皇帝闻言,唇角勾起一抹淡笑,抬手摩挲着下颌,语气带着几分帝王威仪与不悦:“寻常来客不见也就罢了,难道朕亲临此地,轻鸢也执意不肯相见?”
清秋闻言,额头瞬间渗出细密冷汗,惶恐不已,连忙躬身道:“奴婢即刻入内通报,请陛下稍候。”
皇帝微微颔首:“速去,朕在此静候回音。

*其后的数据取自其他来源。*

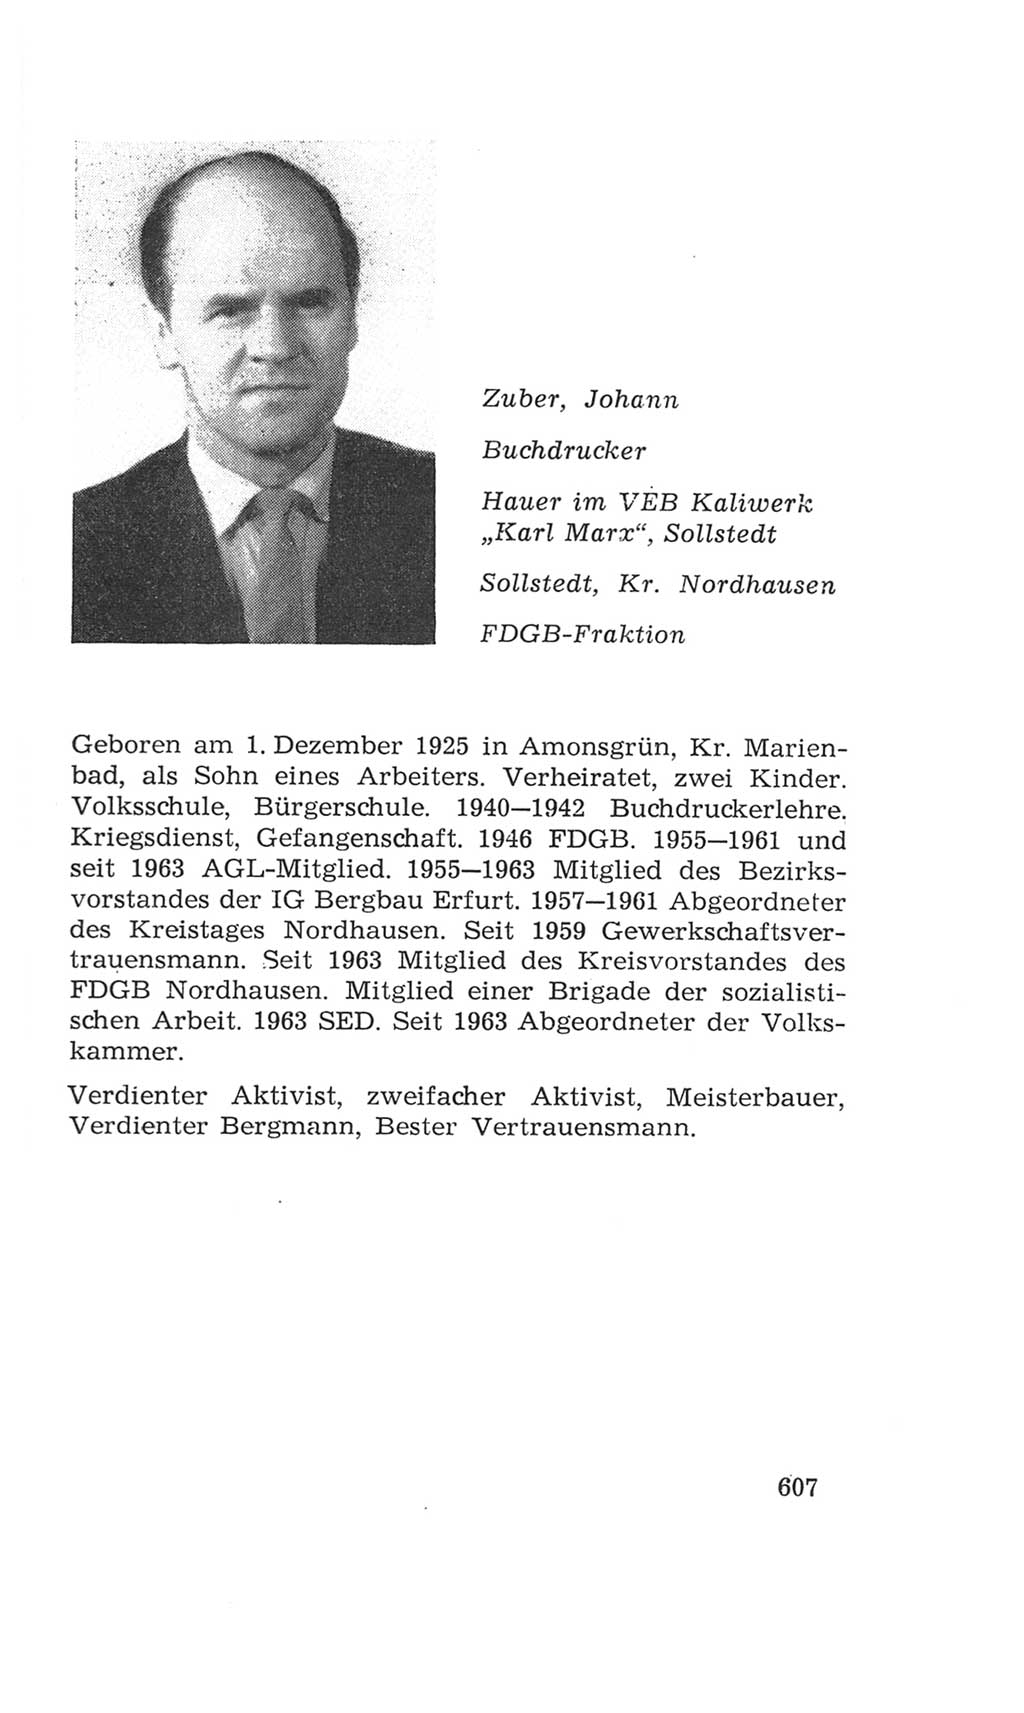 Volkskammer (VK) der Deutschen Demokratischen Republik (DDR), 4. Wahlperiode 1963-1967, Seite 607 (VK. DDR 4. WP. 1963-1967, S. 607)

”
说罢,便径直落座在苏轻鸢平日为病患问诊的交椅之上。
此时济世堂内外早已清场,等候问诊的病患与家属尽数被请至门外,偌大的厅堂之内,除却济世堂一众下人,再无外人。
清秋快步走入内院,行至苏轻鸢卧房门外,轻轻叩门出声:“姑娘,陛下亲临济世堂,正在前院等候,不知姑娘是否愿意见驾?”
此刻苏轻鸢正端坐榻上凝神调息,稳固受损的本源修为。
她早已布下九重锁灵结界,此结界以自身本命灵力为基,引天地清辉为护,层层叠叠、密不透风,可隔绝世间一切声响动静,外力无法窥探、无法惊扰,更无法强行闯入。
结界之内,更有两道战魂日夜护法,镇守四方、肃清杂念,保她清修无碍。
清秋接连数次叩门问询,卧房之内始终寂静无声,得不到半点回应。
她不敢贸然闯入,更不敢肆意揣测,只能满心忐忑地折返前院,双膝跪地,对着帝王叩首回话:
“启禀陛下,奴婢已然通报姑娘,只是卧房之内毫无动静,不知姑娘是已然入眠,还是另有缘由。”
皇帝听罢,脸色骤然铁青,周身气压瞬间沉至谷底。
苏轻鸢未免太过恃宠而骄、狂妄自大!
他身为大雍一朝天子,九五之尊,亲身屈尊登门探望,她竟摆足架子、闭门不见,这般行径,全然是不将帝王威仪、朝廷礼制放在眼中!
怒火翻涌之间,他险些径直闯入内院,当面质问其心思。
南宫云杰心中亦是焦灼不安,满心惴惴。
早前侍卫便回禀,苏轻鸢闭店休养那日,身形萎靡、精神恍惚,步履踉跄虚弱,分明是身受重伤、修为大损之态。
如今闭门不见任何人,愈发让他忧心忡忡,唯恐她遭遇不测、身受重创。可帝王在此,他恪守君臣本分,不敢擅闯内院,只能强行按捺住满心担忧。
皇帝当众受辱、颜面尽失,心中愠怒难平,不愿再在此地多留半分。
他衣袖一拂,转身便带着一众侍从离去,心底只剩满心冰冷与不满。